Let me back up a bit… I’ve been hearing about this “blah blah Cloud” thing (as our host Greg likes to put it) for quite some time, and had a basic understanding of what it was and what it could be good for. I work for the American R&D lab of a large multinational computer company headquartered in Japan, and I knew some of the research folks here had been investigating various cloud-related technologies, and had even used Amazon’s AWS in various projects. Then (for a short period of time a few years ago) we had our own “internal cloud” – one of the research dept. sysadmins had constructed a multi-node AWS clone, based on the open-source Eucalyptus project. Unfortunately, use was light, and it was eventually abandoned since the hardware used was aging, and the aforementioned admin had moved on.

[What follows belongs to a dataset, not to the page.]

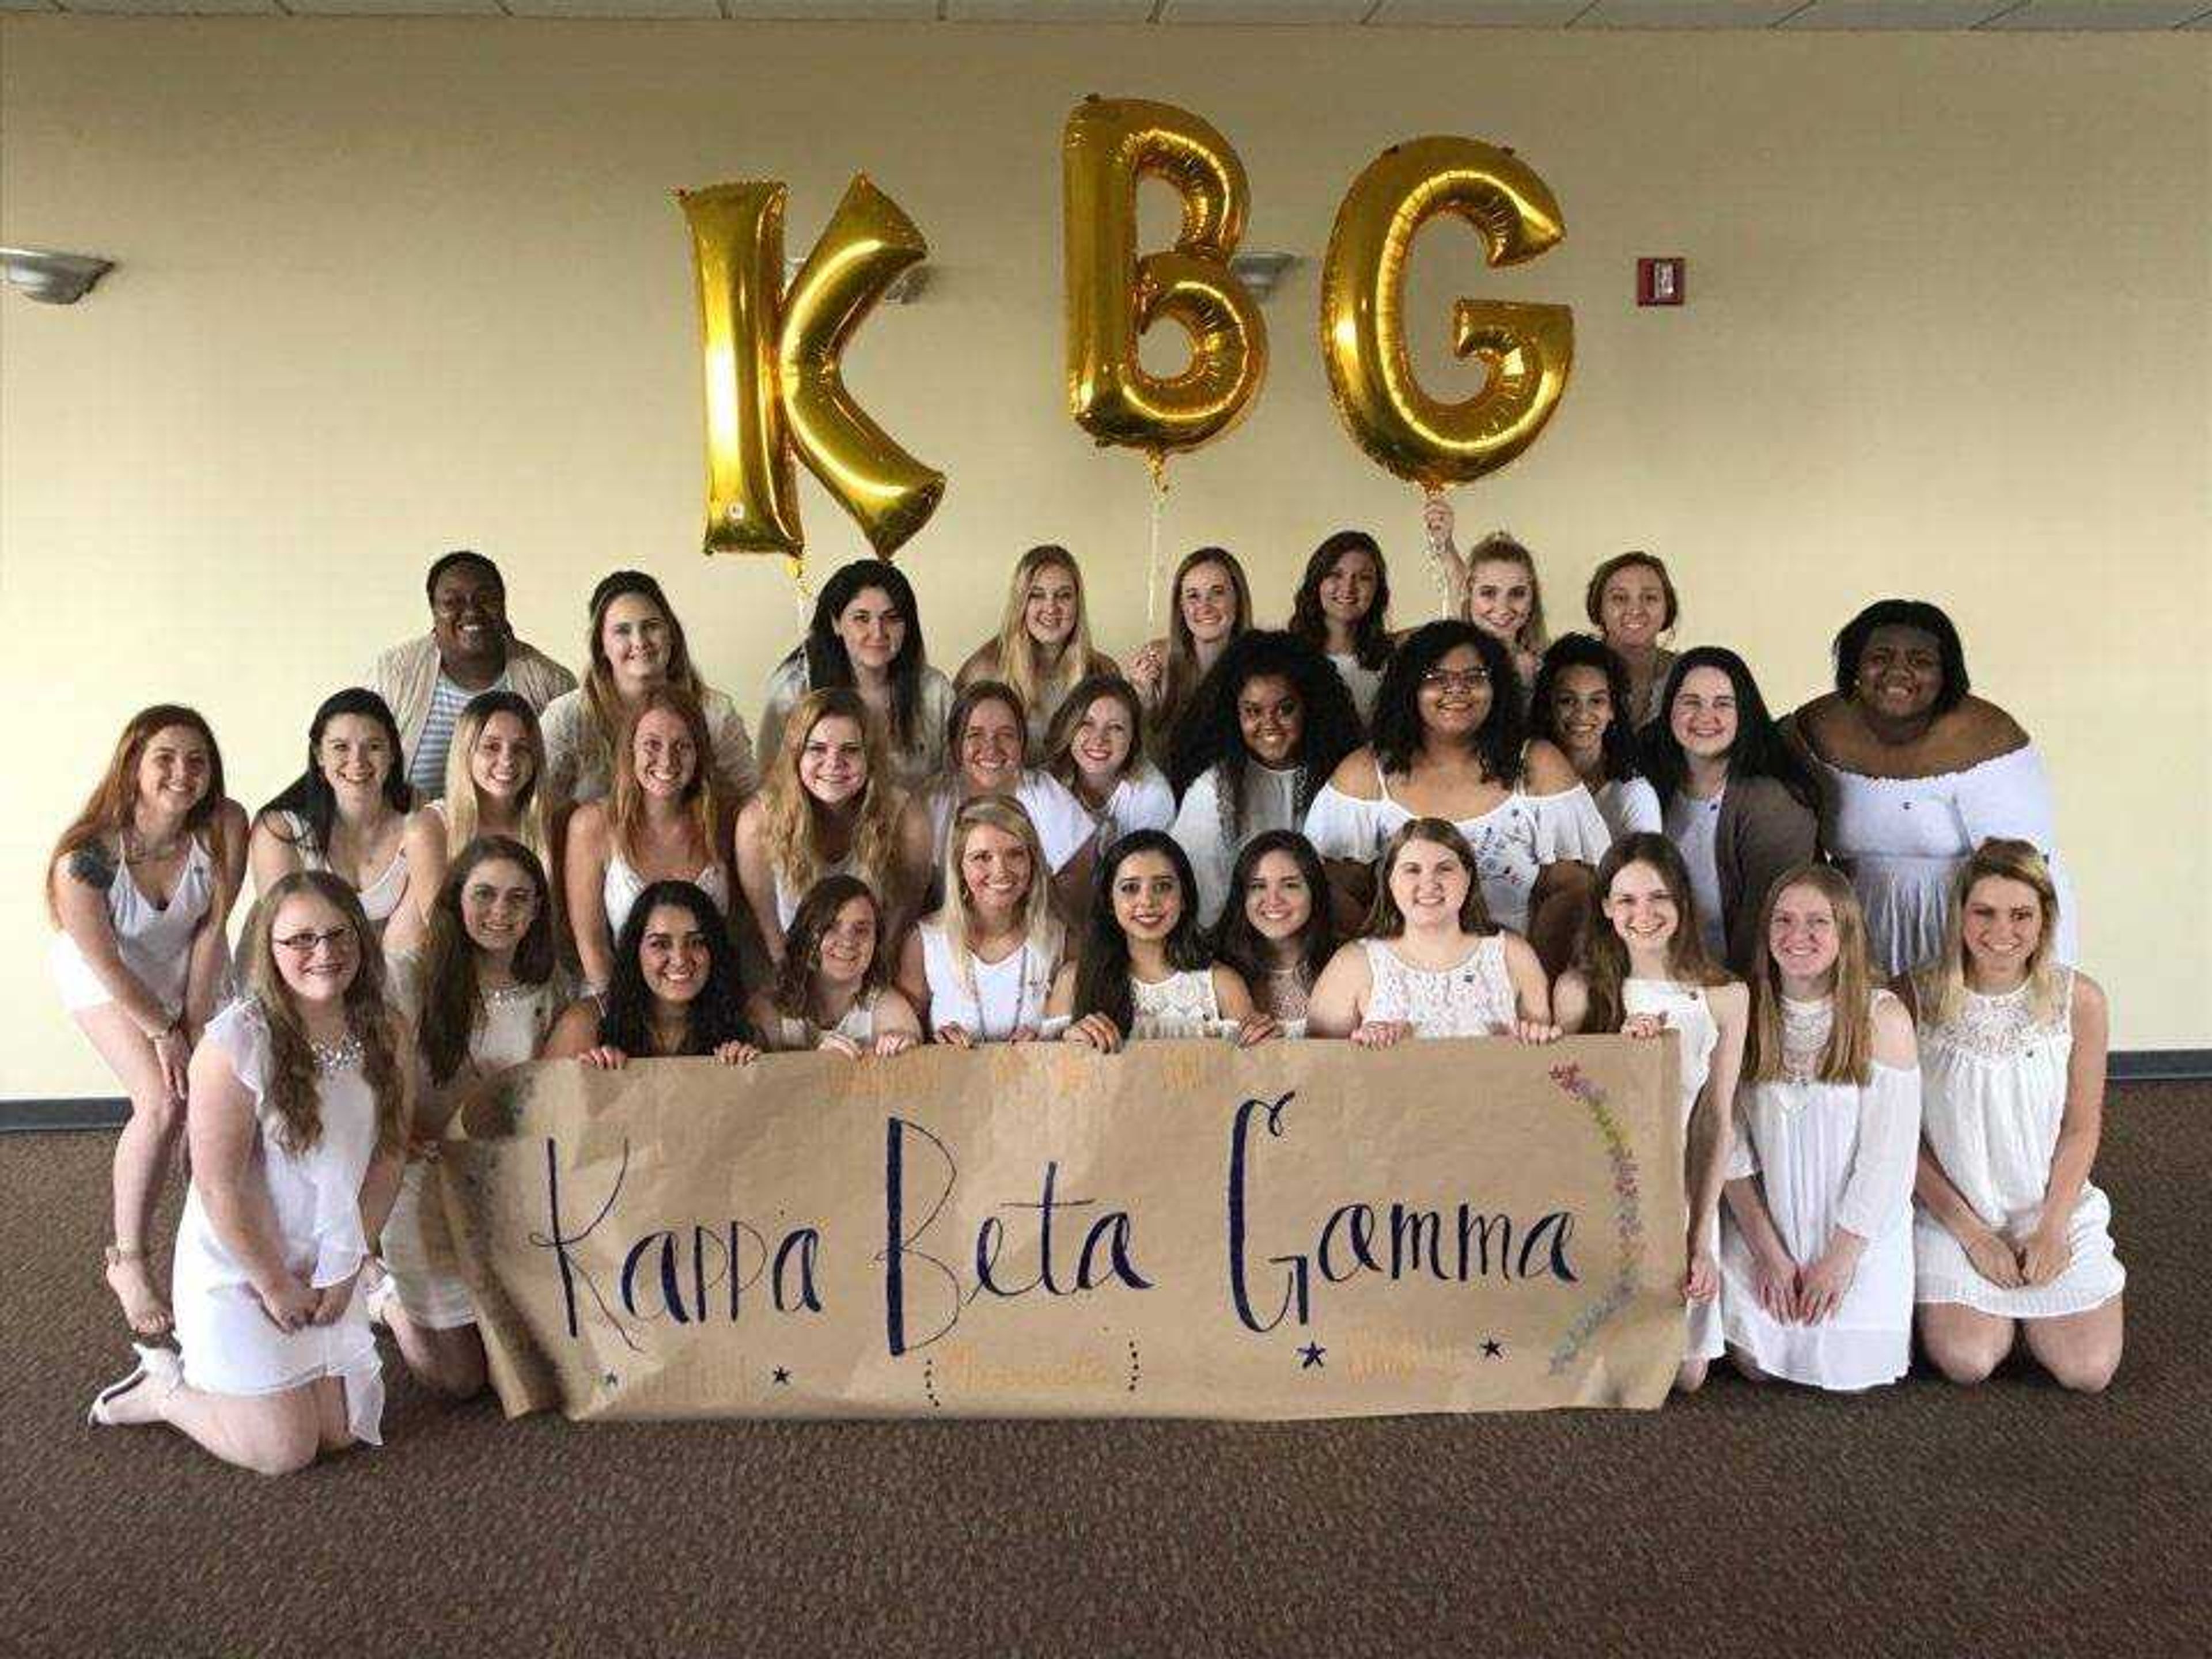 Kappa Beta Gamma members at their Krossover event last May when they officially became a chapter.

Fast forward to about a week ago. Another researcher came up to me, and asked if her dept. could use the OpenStack implementation that we ran. “Huh?” I replied, “We don’t have any OpenStack implementation here.” (Perhaps she was thinking of the prior Eucalyptus setup.) Turns out that one of their research clients had asked them about what we had around it, and they were scrambling to get a research implementation available. Having been interested in the area of virtualization for some time, and exploring some of the underpinning technologies of OpenStack (namely KVM and Open vSwitch), I jumped at the chance to get involved. So luckily enough, they had a large server available that was bought to run VMware on, but had never gotten installed. So after a few hours of hardware reconfiguration and Linux installation (Ubuntu 12.04 in this case), we were ready to begin. Since it was only a single-server proof-of-concept, DevStack was the perfect fit, and it really couldn’t be easier —

stacker@dev01$ sudo apt-get install git -y
stacker@dev01$ git clone git://github.com/openstack-dev/devstack.git
stacker@dev01$ cd devstack
stacker@dev01$ vi localrc
stacker@dev01$ ./stack.sh

(command outputs omitted for brevity)

For the localrc directives, I followed instructions included in a blog post by the always-amazing Brent Salisbury (of course the IP address ranges being modified for my organization) and some 257 seconds and a voluminous amount of screen output later, I had a running OpenStack installation. So, I promptly logged in, took a look around, and spun up a couple of VM instances. Upon trying to ping them however from the host running DevStack, my joy quickly faded. The VMs were being reported by the OpenStack web UI (known as “Horizon”) as well as the CLI management client (known as “nova”) as having a private IP address assigned. But, even though it looked like the correct routing was in place (DevStack in my install has a public IP range known as the “floating range” that the “br-ex” Open vSwitch has an interface address out of, and a RFC1918 private range that the VMs get addressed from, with br-ex acting as the gateway to it according to the linux routing table) and appropriate security rules in place (the VMs are firewalled off from the public by default, and rules must be written to allow desired access), I could not reach the VMs. This put me in a bit of a quandary, as the only way to log in to the VMs is by certificate-based SSH. No network access, no VM netstack investigation. I suspected that the VMs may not have gotten their assigned addresses correctly from DHCP, even though the OpenStack system was reporting their assignment. But was it a routing issue of some sort, a DHCP server problem, or a VM addressing problem? I figured I’d have to do some network sniffing, and that meant that I had to figure out the topology first.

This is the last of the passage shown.